В то время как такие разговоры происходили в приемной и в княжниной комнатах, карета с Пьером (за которым было послано) и с Анной Михайловной (которая нашла нужным ехать с ним) въезжала во двор графа Безухого. Когда колеса кареты мягко зазвучали по соломе, настланной под окнами, Анна Михайловна, обратившись к своему спутнику с утешительными словами, убедилась в том, что он спит в углу кареты, и разбудила его. Очнувшись, Пьер за Анною Михайловной вышел из кареты и тут только подумал о том свидании с умирающим отцом, которое его ожидало. Он заметил, что они подъехали не к парадному, а к заднему подъезду. В то время как он сходил с подножки, два человека в мещанской одежде торопливо отбежали от подъезда в тень стены. Приостановившись, Пьер разглядел в тени дома с обеих сторон еще несколько таких же людей. Но ни Анна Михайловна, ни лакей, ни кучер, которые не могли не видеть этих людей, не обратили на них внимания. Стало быть, это так нужно, решил сам с собой Пьер и прошел за Анною Михайловной.

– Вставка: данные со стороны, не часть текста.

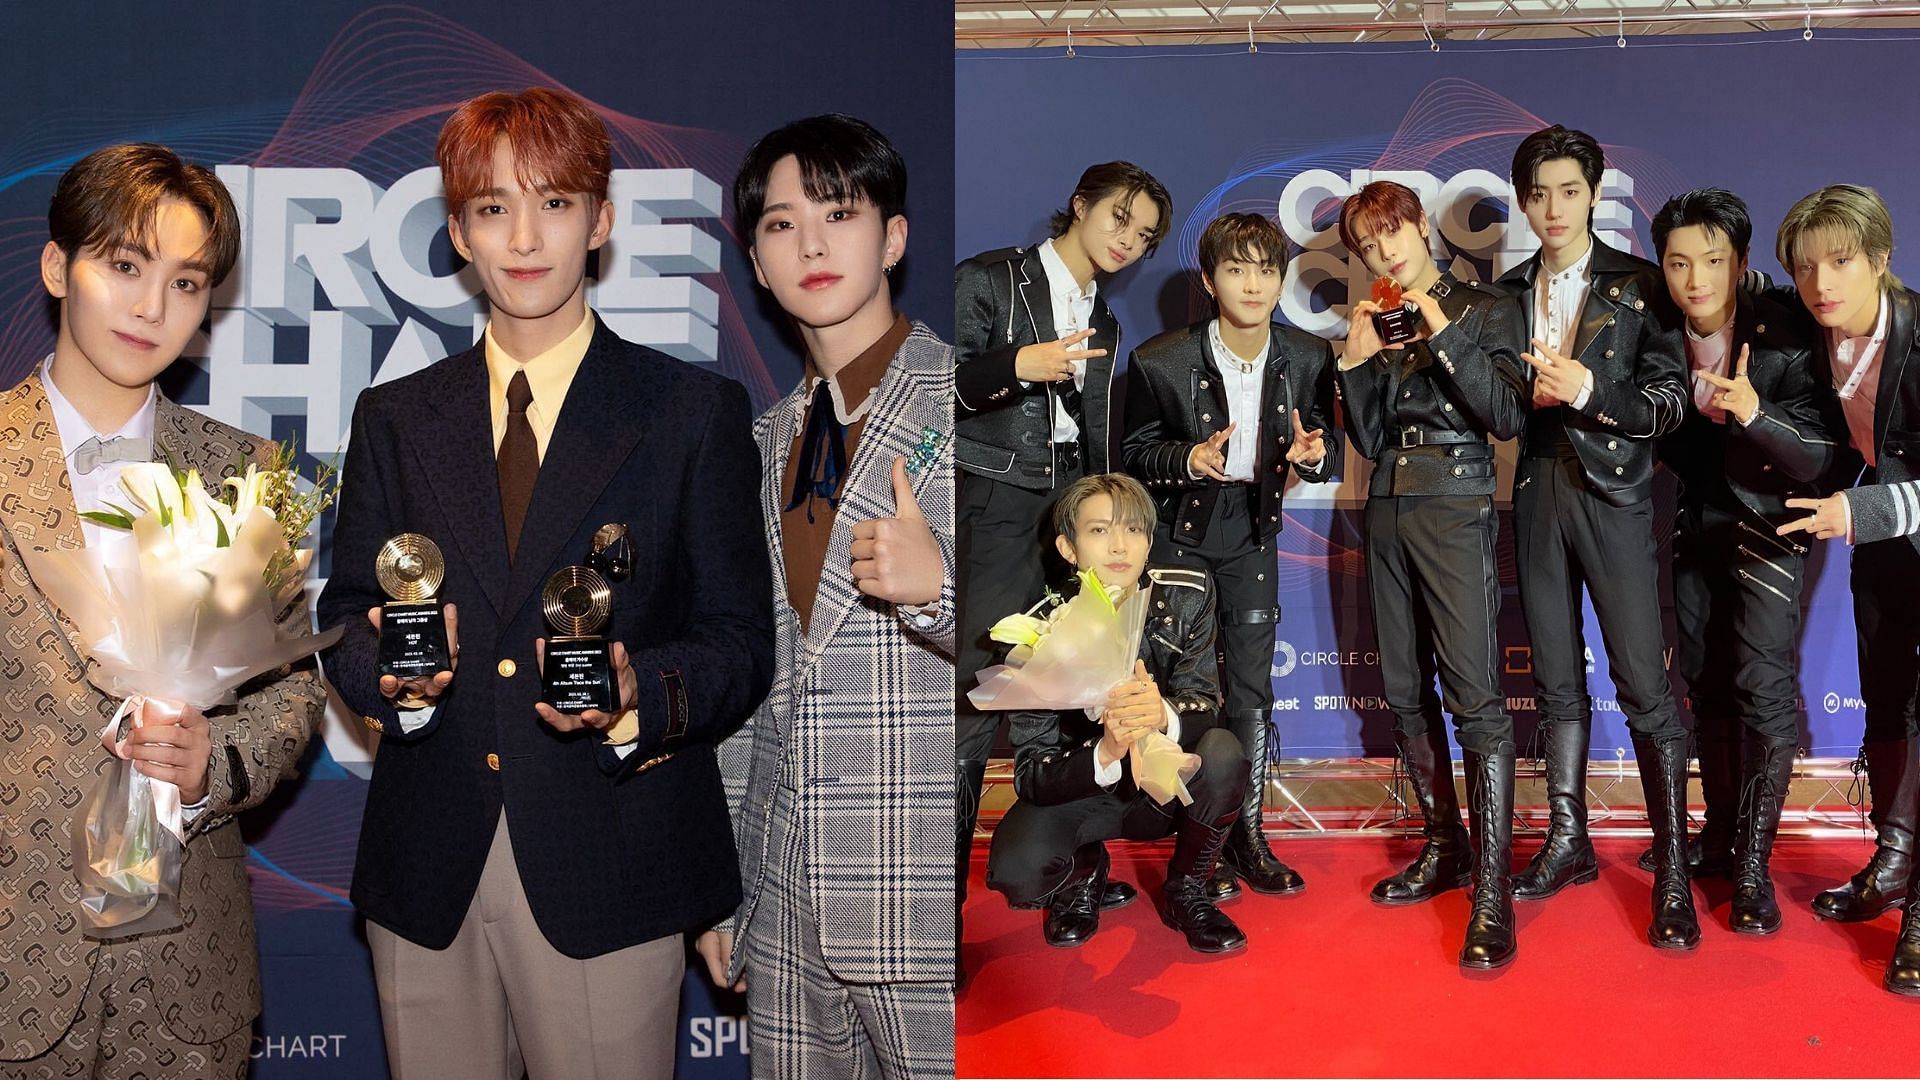 SEVENTEEN and ENHYPEN are among the winners at the 12th Circle Chart Music Awards (Images via Twitter/pledis_17 and ENHYPEN)

Анна Михайловна поспешными шагами шла вверх по слабо освещенной узкой каменной лестнице, подзывая отстававшего за ней Пьера, который, хотя и не понимал, для чего ему надо было вообще итти к графу, и еще меньше, зачем ему надо было итти по задней лестнице, но, судя по уверенности и поспешности Анны Михайловны, решил про себя, что это было необходимо нужно. На половине лестницы чуть не сбили их с ног какие то люди с ведрами, которые, стуча сапогами, сбегали им навстречу. Люди эти прижались к стене, чтобы пропустить Пьера с Анной Михайловной, и не показали ни малейшего удивления при виде их.